Un masterchef electoral
No solo hay comunidades autónomas que cuentan con más peso en las elecciones por el hecho de tener más población como Andalucía, Madrid o Cataluña, sino que también hay comunidades importantes porque han cambiado de signo político en varias elecciones y han determinado las elecciones a lo largo de la historia reciente de la democracia. Es el caso de comunidades como Aragón. Sin embargo, Castilla y León no es el caso. A lo largo de esta ?fiesta? de la democracia -que más parece un San Fermín de la democracia con la cantidad de elecciones a la vuelta de la esquina-, no faltará quién escuche en el bar, en reuniones familiar o en su grupo de amigos aquello de la ?cocina? electoral.
Sí, parece que las encuestas influyen en el voto y esto da lugar a polémicas. Hay quién dice que los datos se manipulan con intenciones políticas a través de la ?cocina? (-en última instancia, el CIS es una institución que depende de la Vicepresidencia del Gobierno-. Aquello de la ?cocina? no es una manipulación de datos sino un modo de intentar ajustar los datos empíricos con la realidad. Por poner un ejemplo, en las encuestas siempre aparece un gran número de indecisos o personas que no quieren contestar a qué partido van a votar. Ahora bien, si a estos le preguntamos a quién votaron las pasadas elecciones y con quién simpatizan más y responden el partido X, lo más probable es que acaben votando al partido X. Muchos de los votos se deciden delante de la urna y la gente no recuerda a menudo -o no quiere recordar- a quién voto las pasadas elecciones.
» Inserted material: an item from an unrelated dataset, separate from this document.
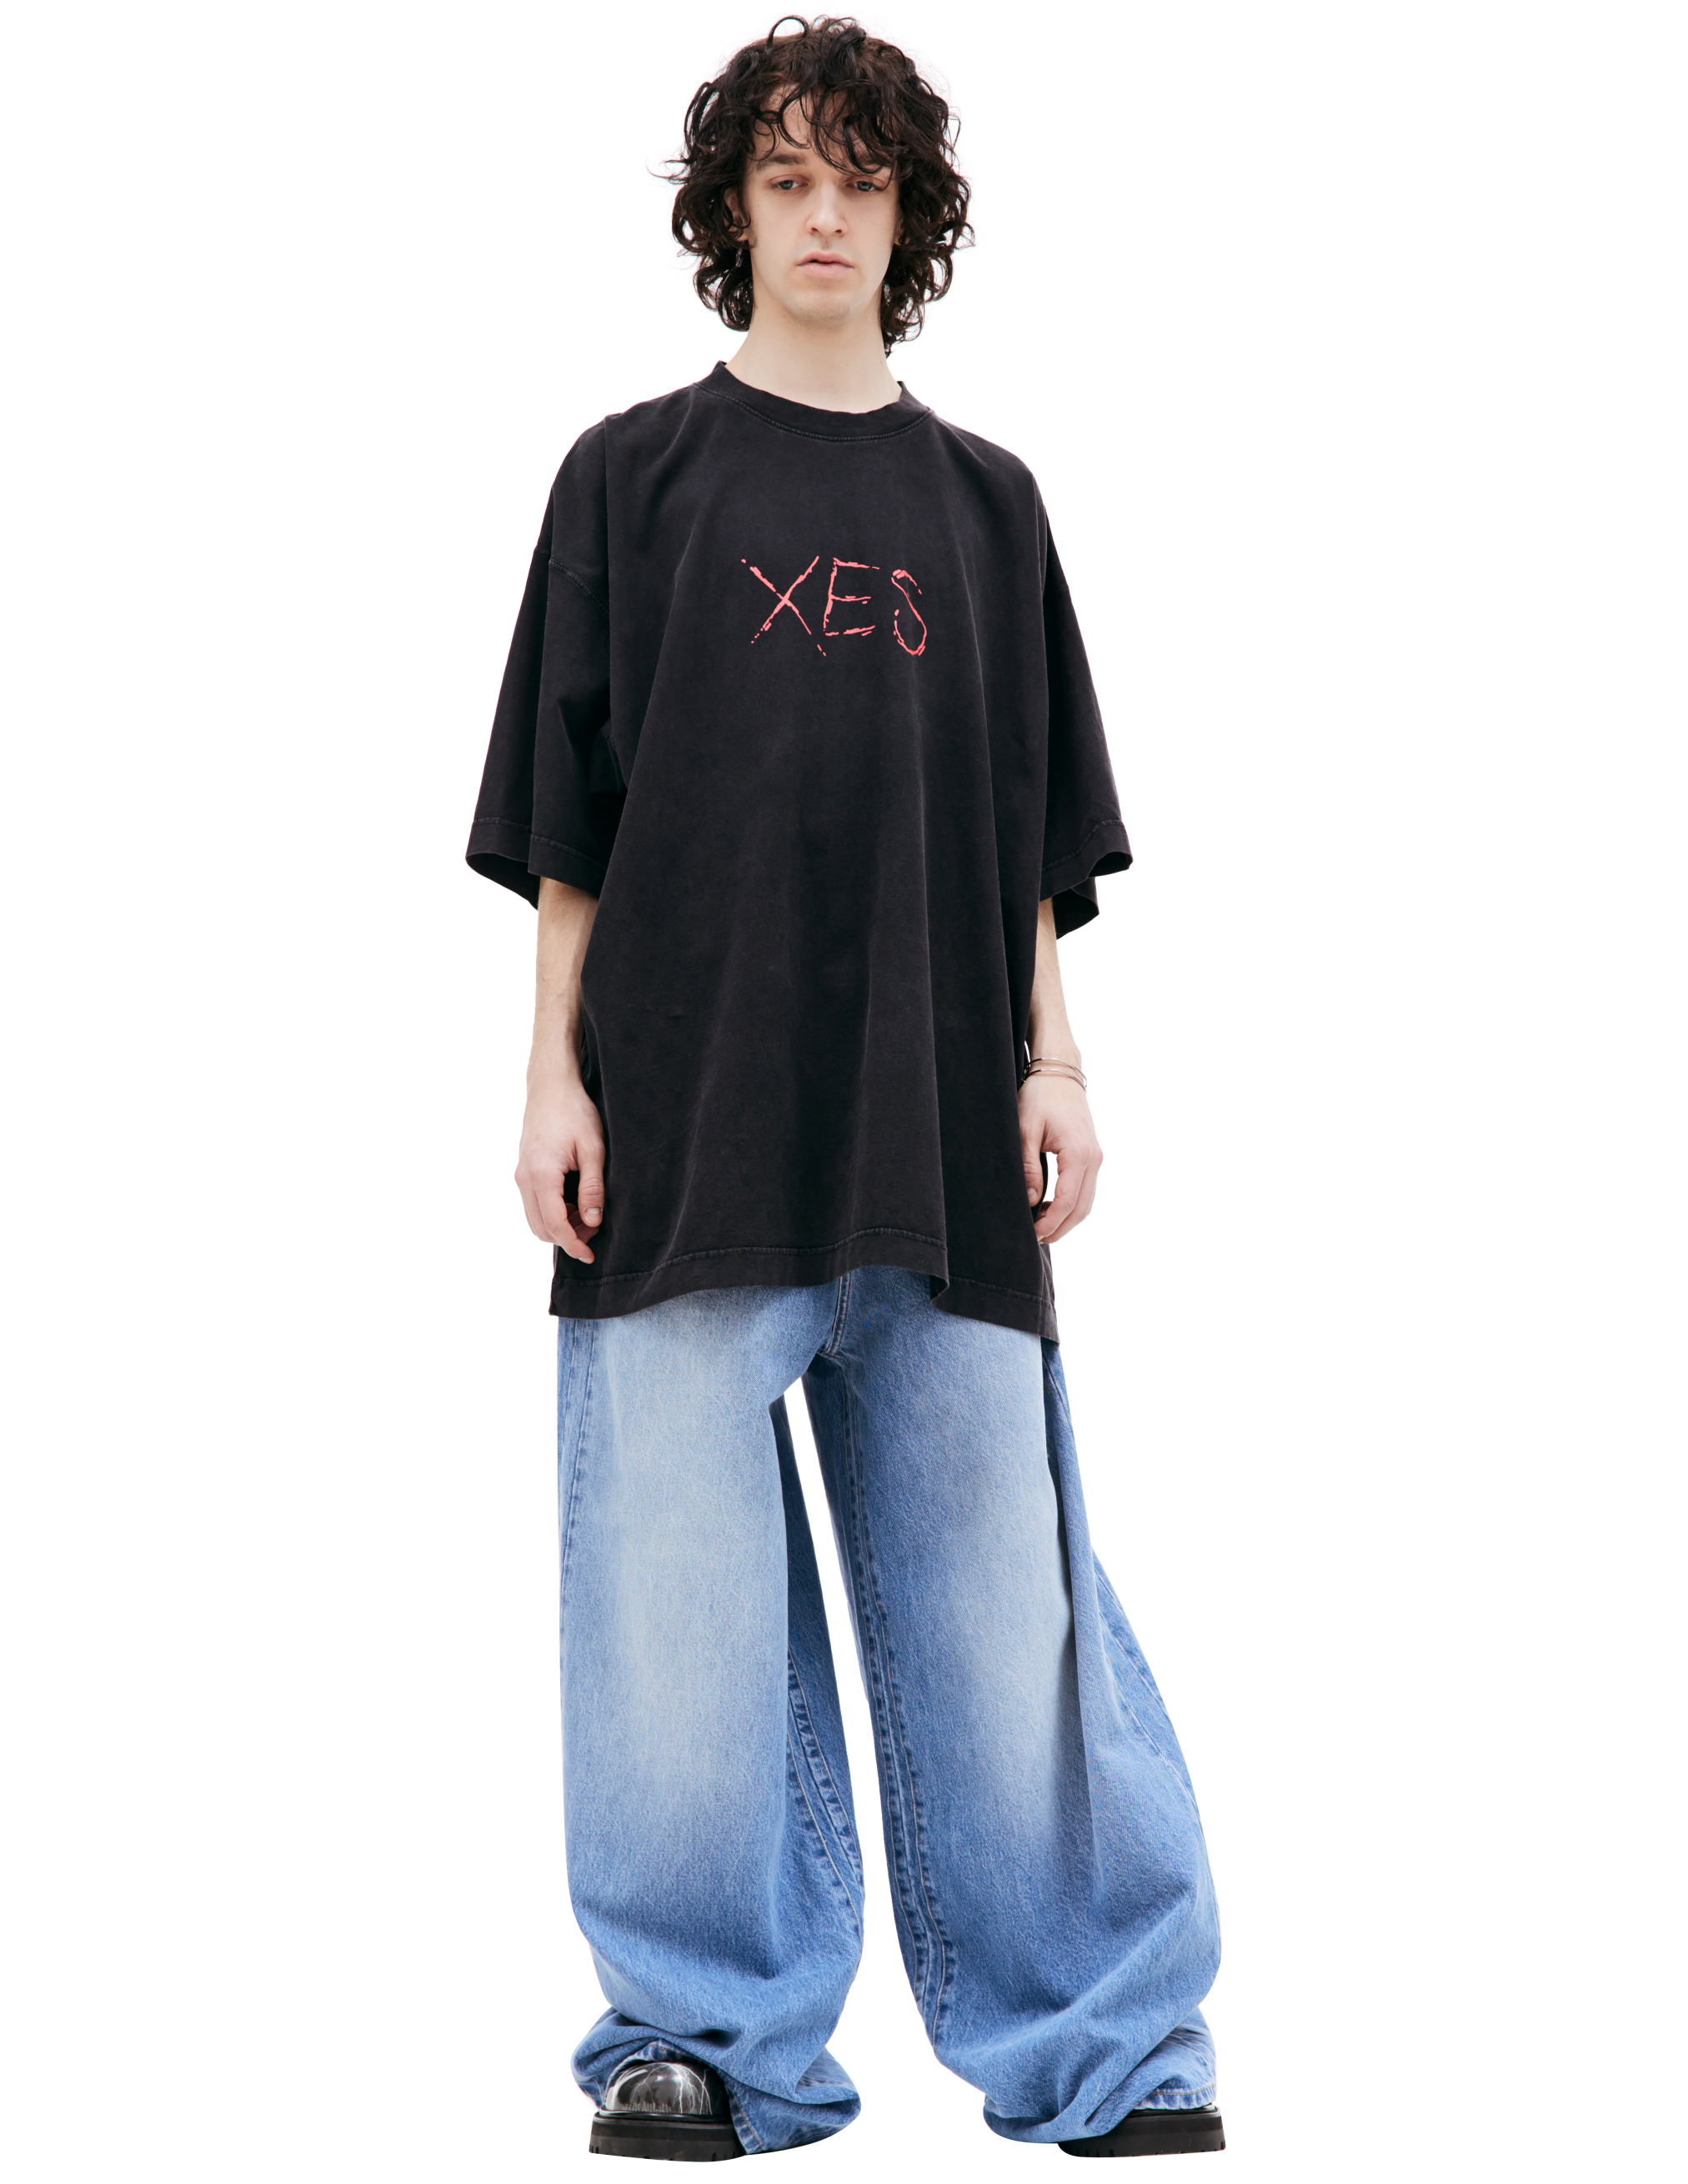 Vetements Xes Printed T-shirt In Black

Es cierto que ha habido polémica por los cambios que se han hecho en las encuestas del CIS bajo el gobierno de Pedro Sánchez, pero son cuestiones más técnicas que se debaten entre los expertos.
El voto por sí es difícil de predecir a menudo sobre todo cuando hay nuevos partidos emergentes como VOX. Si bien las encuestas no parece que vayan a dar un escaño a VOX en Salamanca, esto puede cambiar de aquí al 28 de abril. Ni siquiera está muy clara la naturaleza de VOX. Algunos abogan porque es un partido de nueva derecha radical al estilo del Frente Popular en Francia o Alternativa por Alemania en Alemania y otros argumentan que no es más que una escisión del ala dura del PP. Parece que hay más consenso en esto último. No obstante, el resultado que pueda tener un partido como VOX en Salamanca depende mucho de cómo lo interprete el electorado. Los sorprendentes resultados de VOX en la elecciones autonómicas andaluzas se deben más a la abstención de gran parte de la base electoral del PSOE que a otra cosa. Esto puede generar a nivel nacional un efecto llamada al voto a VOX o bien puede generar una reacción contra estos resultados. Lo que sí parece claro es que VOX entrará en el parlamento y puede tener un papel relevante en la formación de gobierno a través de una coalición con PP y Ciudadanos.